Give the entries back exactly as they stand, but without pictures.

[Excerpts from a dataset]
= Beginning of Section =
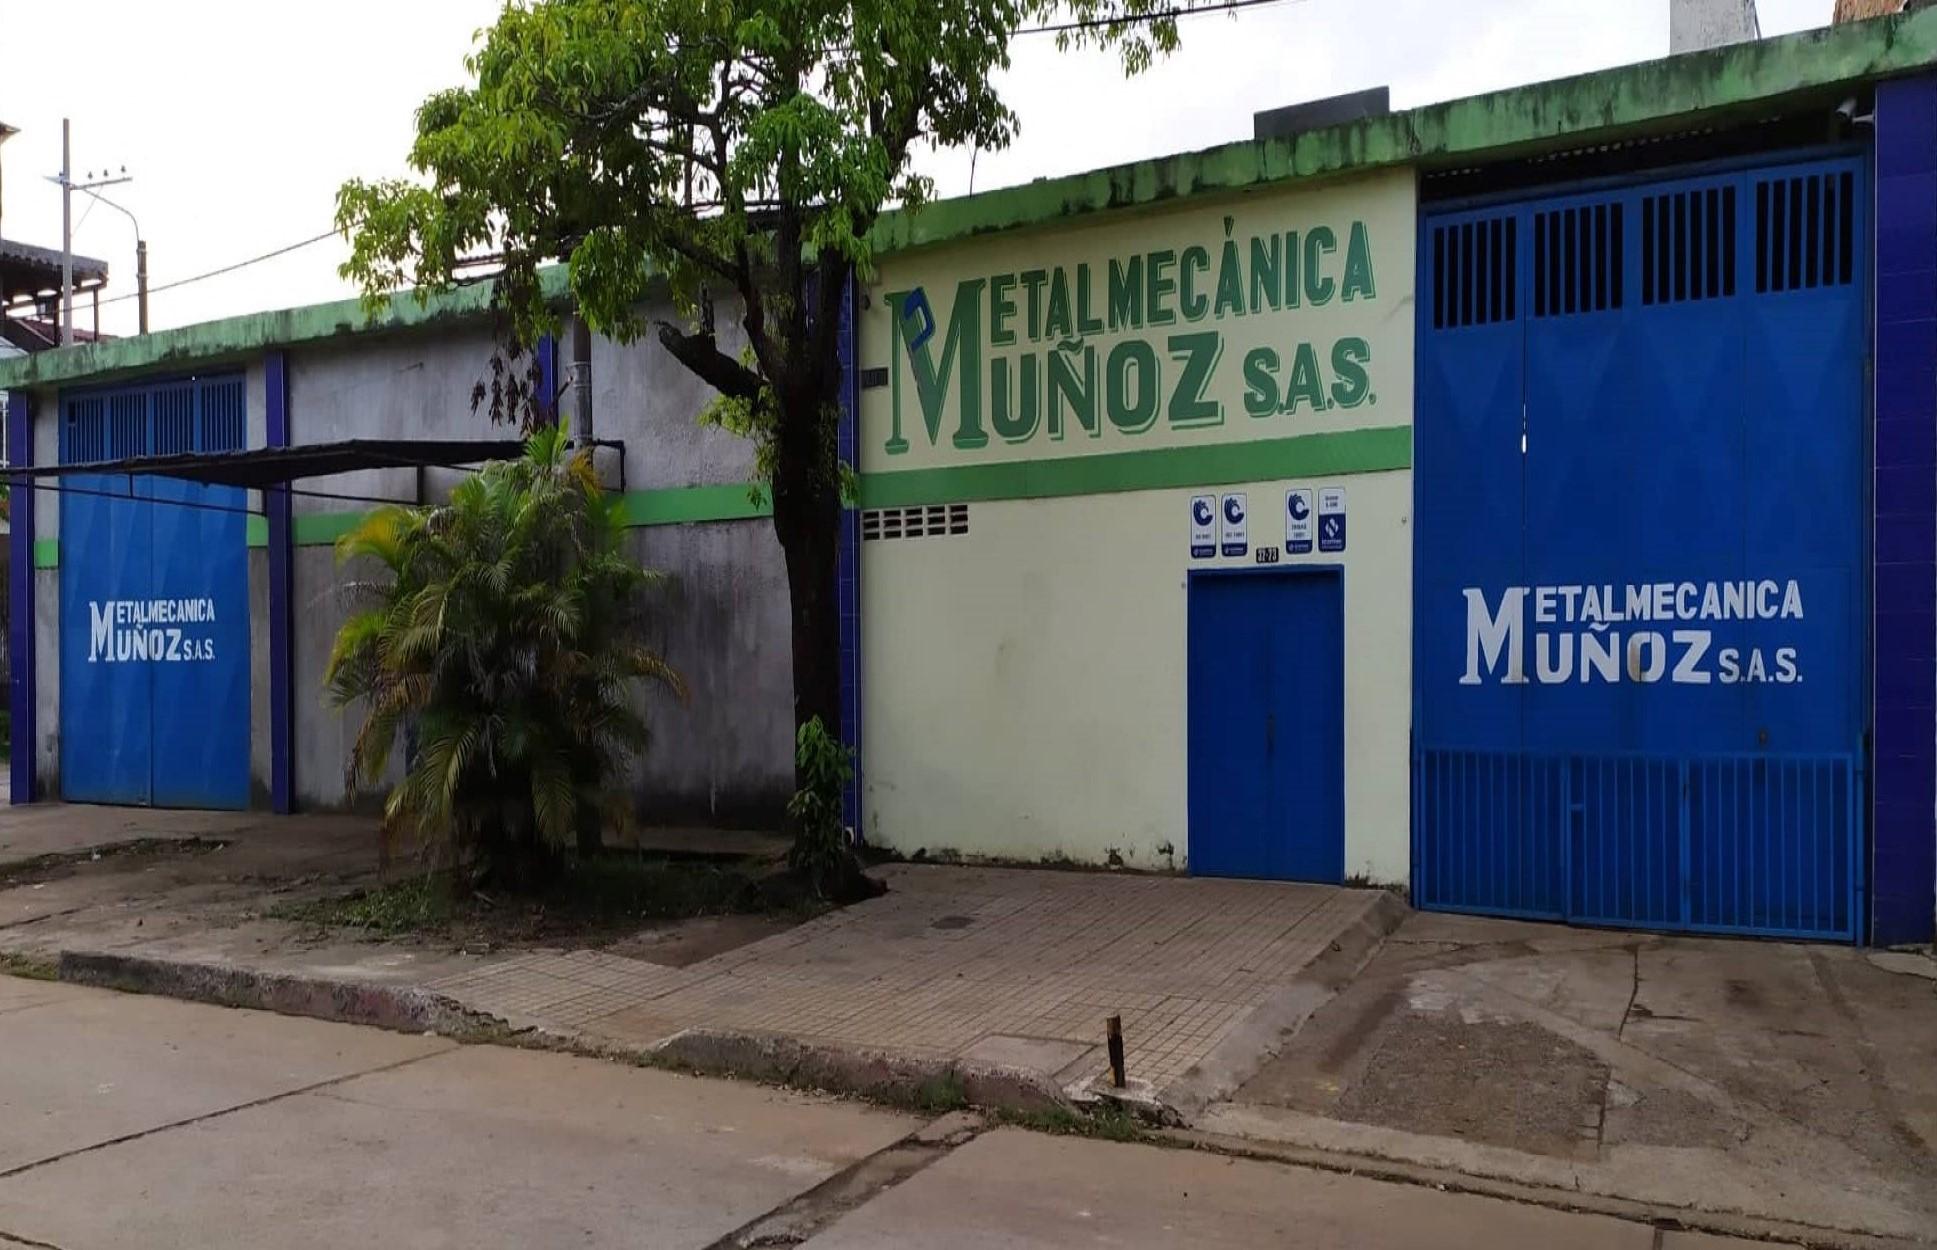 Metalmecánica Muñoz SAS
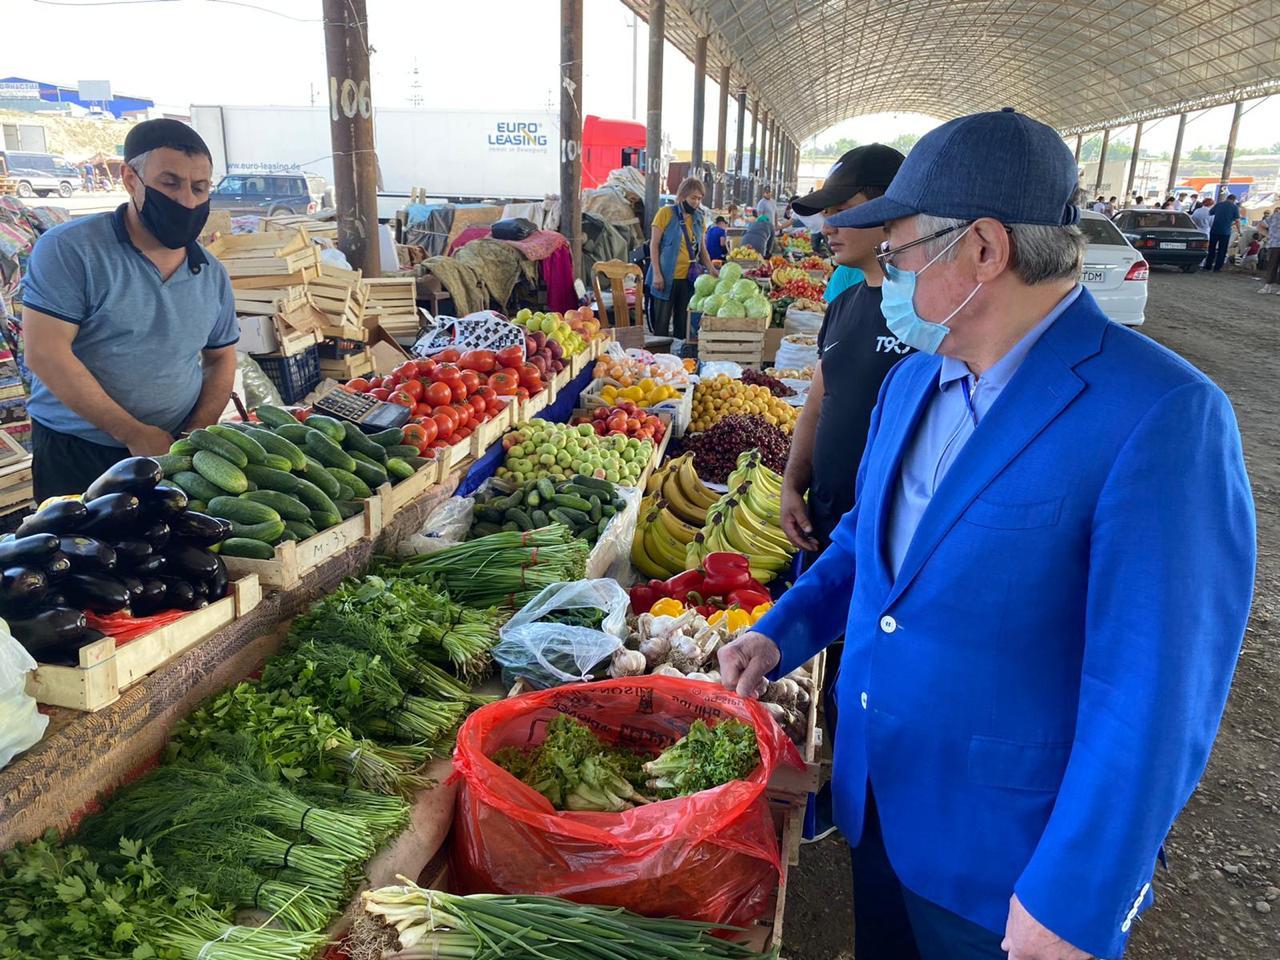 Бердибек Сапарбаев поручил устранить нарушение санитарных требований на рынке «Ауыл береке»
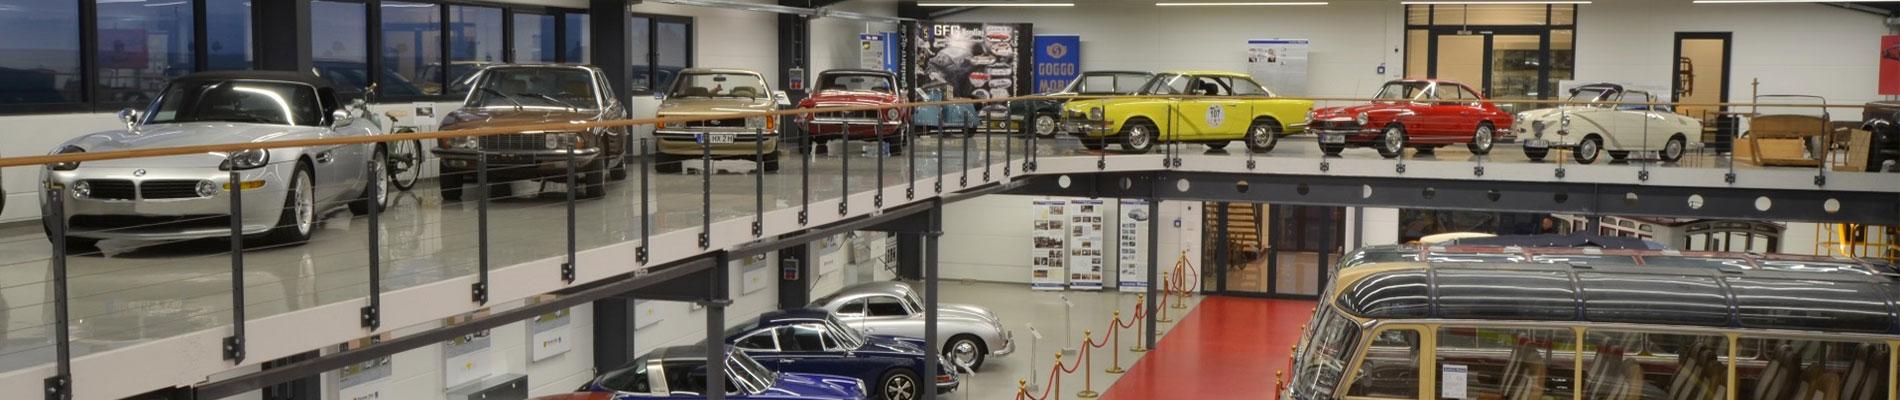 Oldtimerbus Garage und Fahrzeughalle
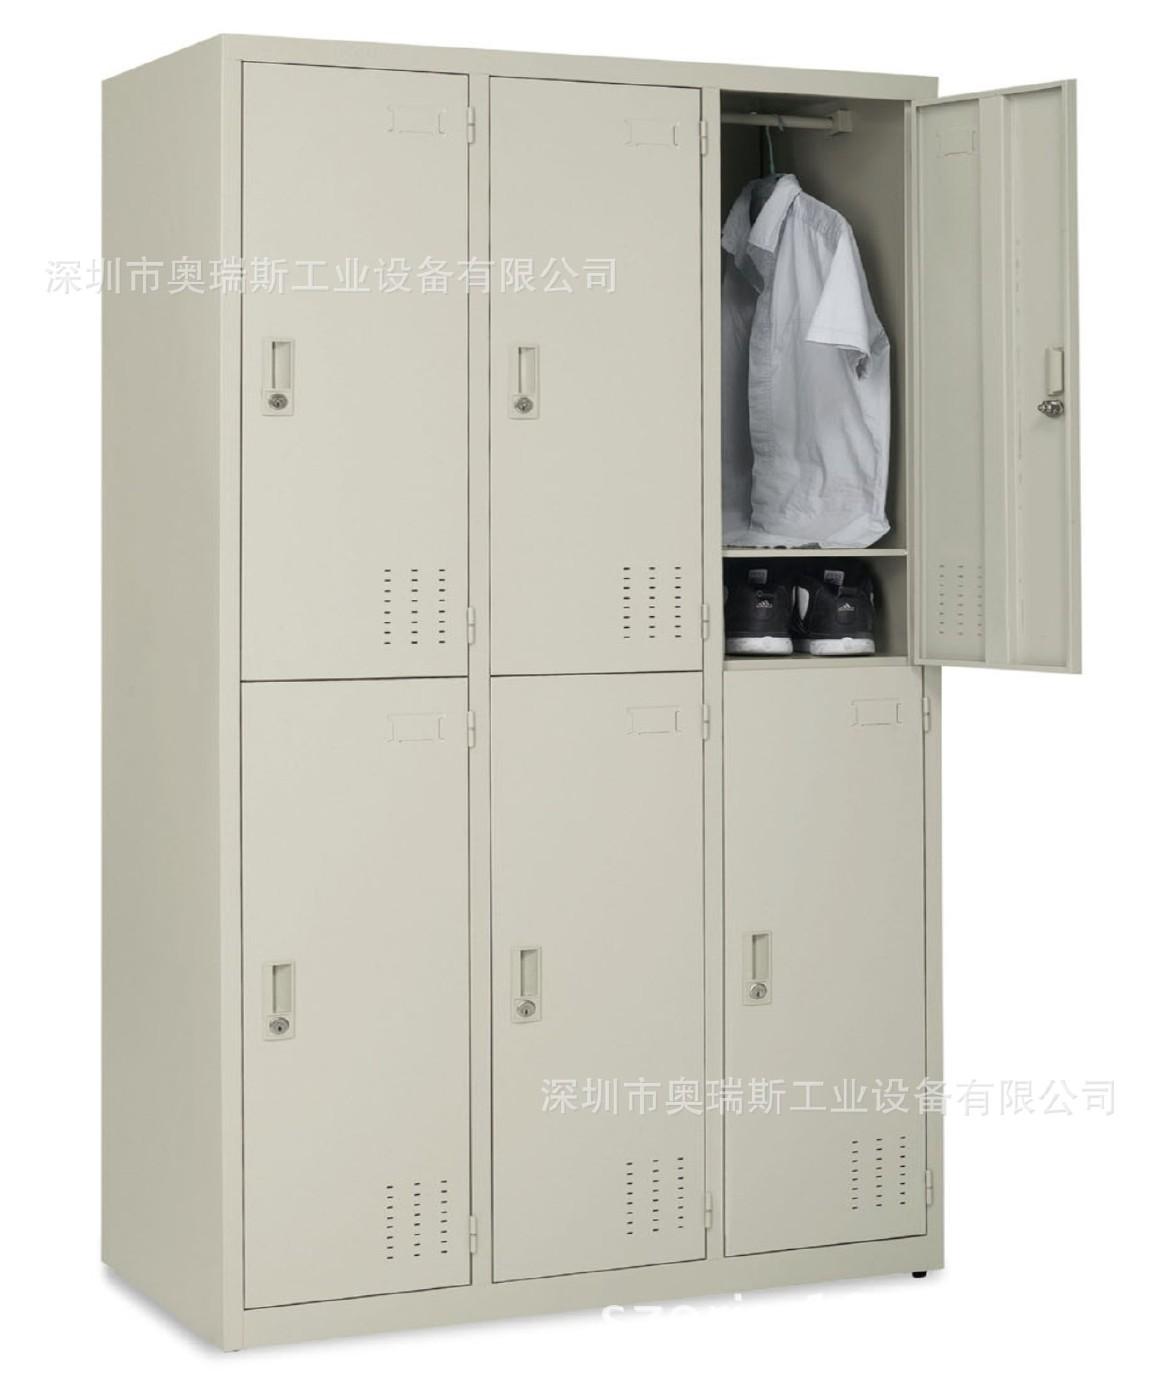 32门铁皮柜厂价直销/广州不锈钢储物柜定做/深圳不锈钢鞋柜厂家
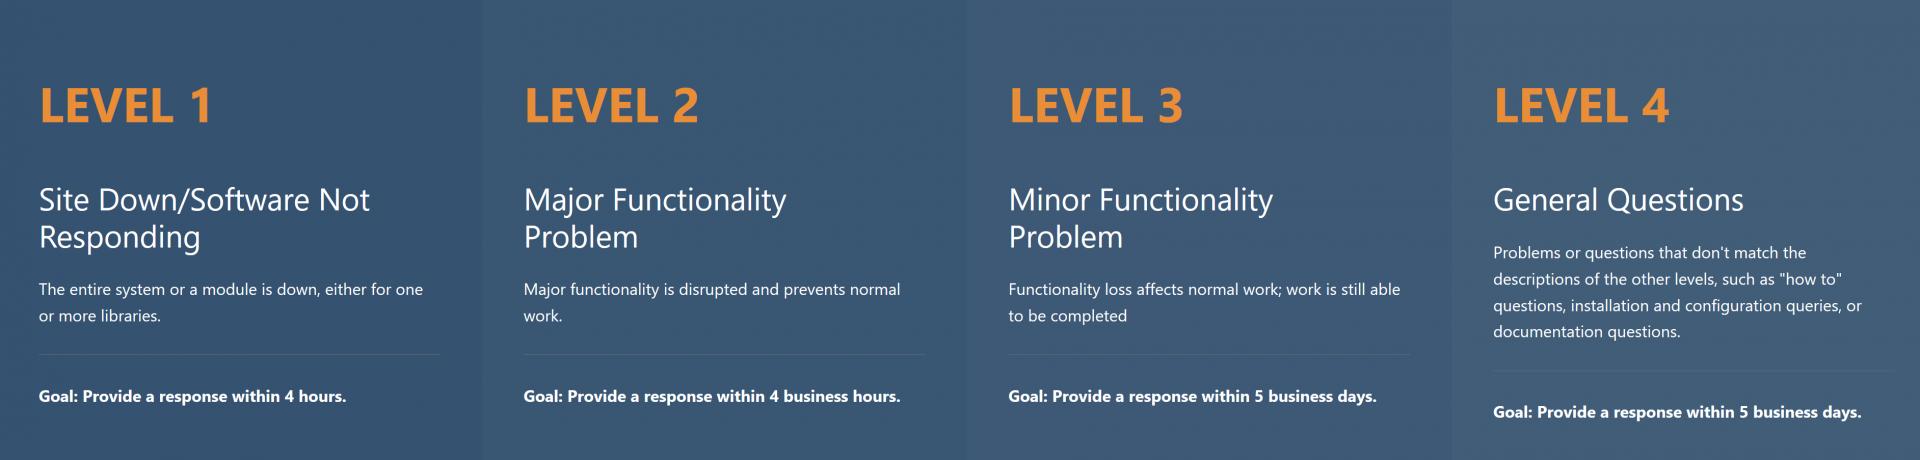 Chart of urgency levels - read descriptions below
= End of Section =
● **TASK ANSWER**
 Metalmecánica Muñoz SAS
 Бердибек Сапарбаев поручил устранить нарушение санитарных требований на рынке «Ауыл береке»
 Oldtimerbus Garage und Fahrzeughalle
 32门铁皮柜厂价直销/广州不锈钢储物柜定做/深圳不锈钢鞋柜厂家
 Chart of urgency levels - read descriptions below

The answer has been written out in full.